As I get ready to leave PNC Park after the Pirates’ 11-5 victory over the Los Angeles Dodgers, I’m thinking about loyal baseball fans like Mr. Dougherty and Kuchta who live for Opening Day and give faces to the phrase “hope springs eternal.”
I’m hoping for their sake as fans, as much as mine for having to write about it, that after 17 consecutive the Pirates eventually field a winning team. What I envy is their optimism, their joy for a game and their inability to get jaded by the long years of losing.
“It’s the start of a new season,” Mr. Dougherty said. “It’s the old story: hope springs eternal. Like any big game, there’s excitement. Everybody is all charged up to see a new season begin. For hometown pride, you have to see the team do well. But based on where they are now, I can’t see anything happening in the foreseeable future.”
Yet Mr. Dougherty doesn’t dwell on the negative. As one of the ushers who served 50 or more years, he was honored by the Pirates by being introduced along the baseline line, just like they do on Opening Day. He got to meet one of his favorite players when Bill Mazeroski, hero of the 1960 World Series champions, came over and shook his hand.
“They had some bad teams at Forbes Field,” Mr. Dougherty said. “The 1960 team that won the World Series, a lot of guys had the best year of their life. They all came together and had years.
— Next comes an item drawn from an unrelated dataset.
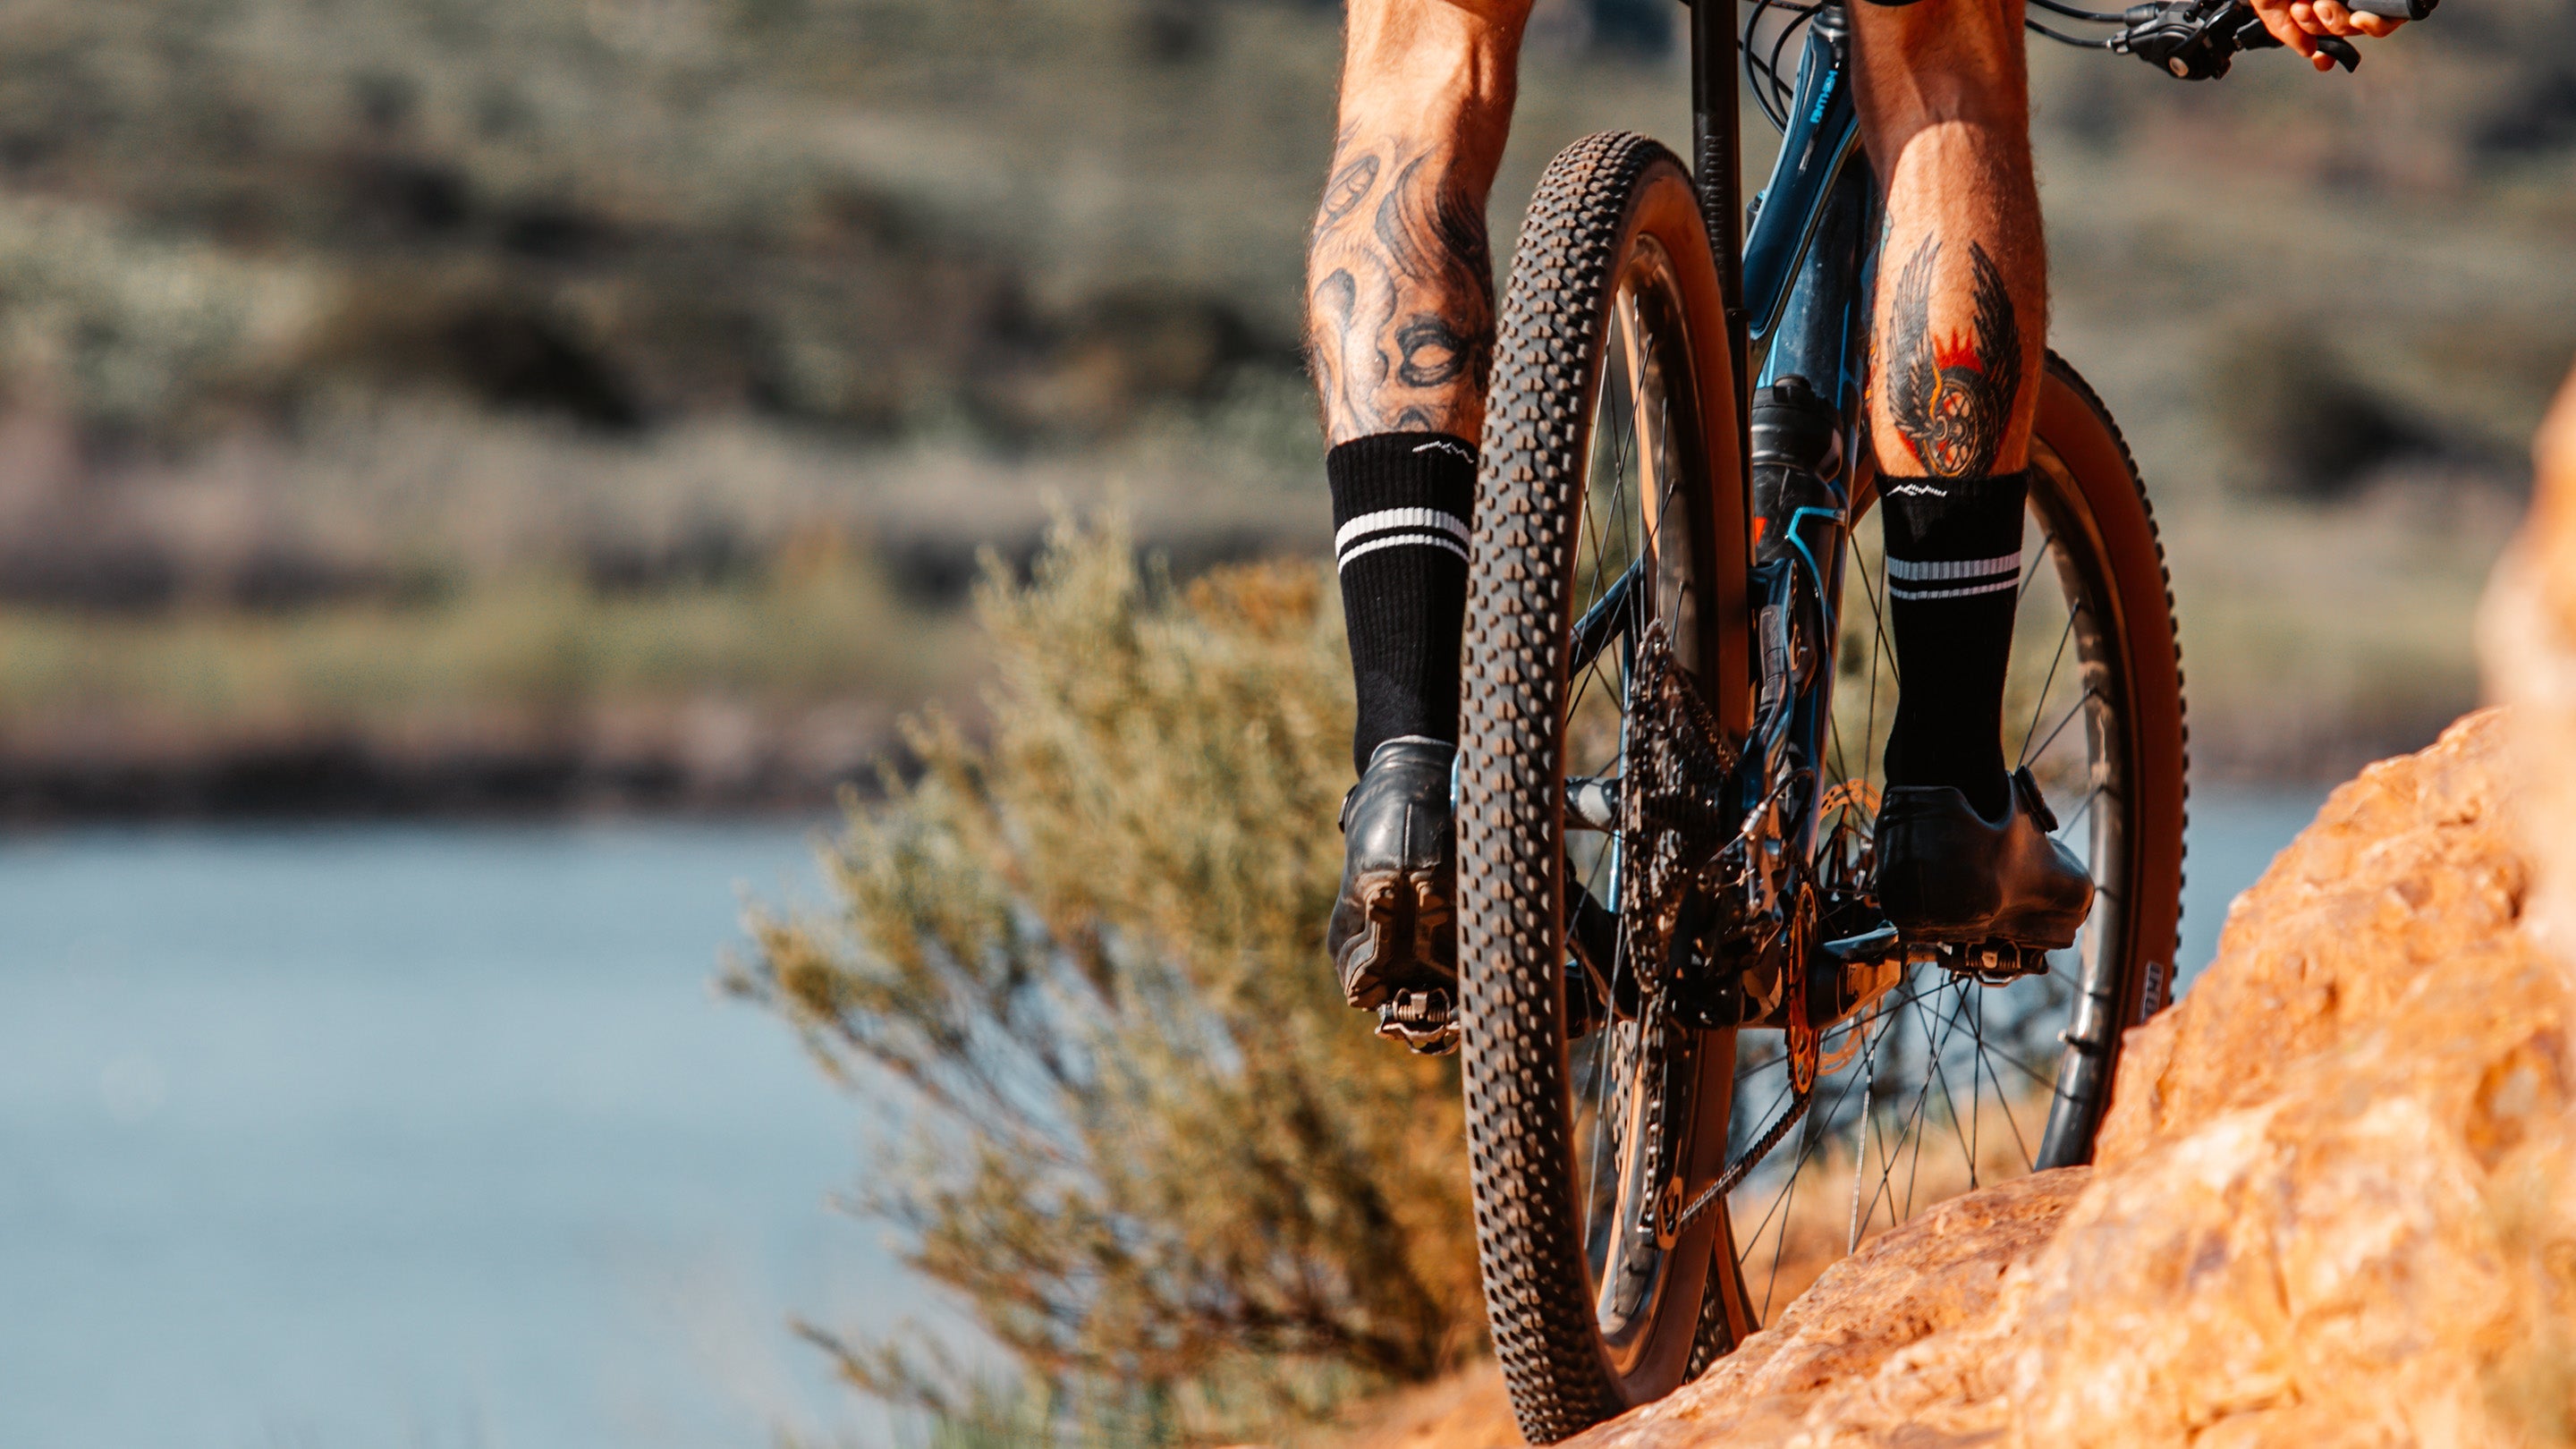 Low view of a mountain biker on a steep slope wearing darn tough athletic socks

That was my favorite team, of course, with Maz hitting the home run.”
Mr. Dougherty grew up on Semple Street in Oakland, only five or six blocks away from Forbes Field. It was almost a rite of passage for boys in the neighborhood to work at the ballpark, and it was not unusual to see the players walking up and down Forbes Avenue, considering many of them lived in boarding houses for the hot-plate specials.
“You could tell by the way a guy was walking,” Mr. Dougherty said, loosening one shoulder so it drooped lower than the other, “that he was a left-handed pitcher.”
As I was walking to Mr. Dougherty’s house, which borders my backyard, I spotted Kuchta pulling up in his car to visit. He was wearing a black satin Pirates jacket, the type you see starting pitchers put on between innings. Not to say that he doesn’t care whether the Pirates win or lose, just that he’s going to support them regardless.
“It bothers me, but I’m so used to it,” Kuchta said. “I’m just there to enjoy the game, win or lose. It’s hard, but I’m a true Pirates fan. I’m here for the duration.”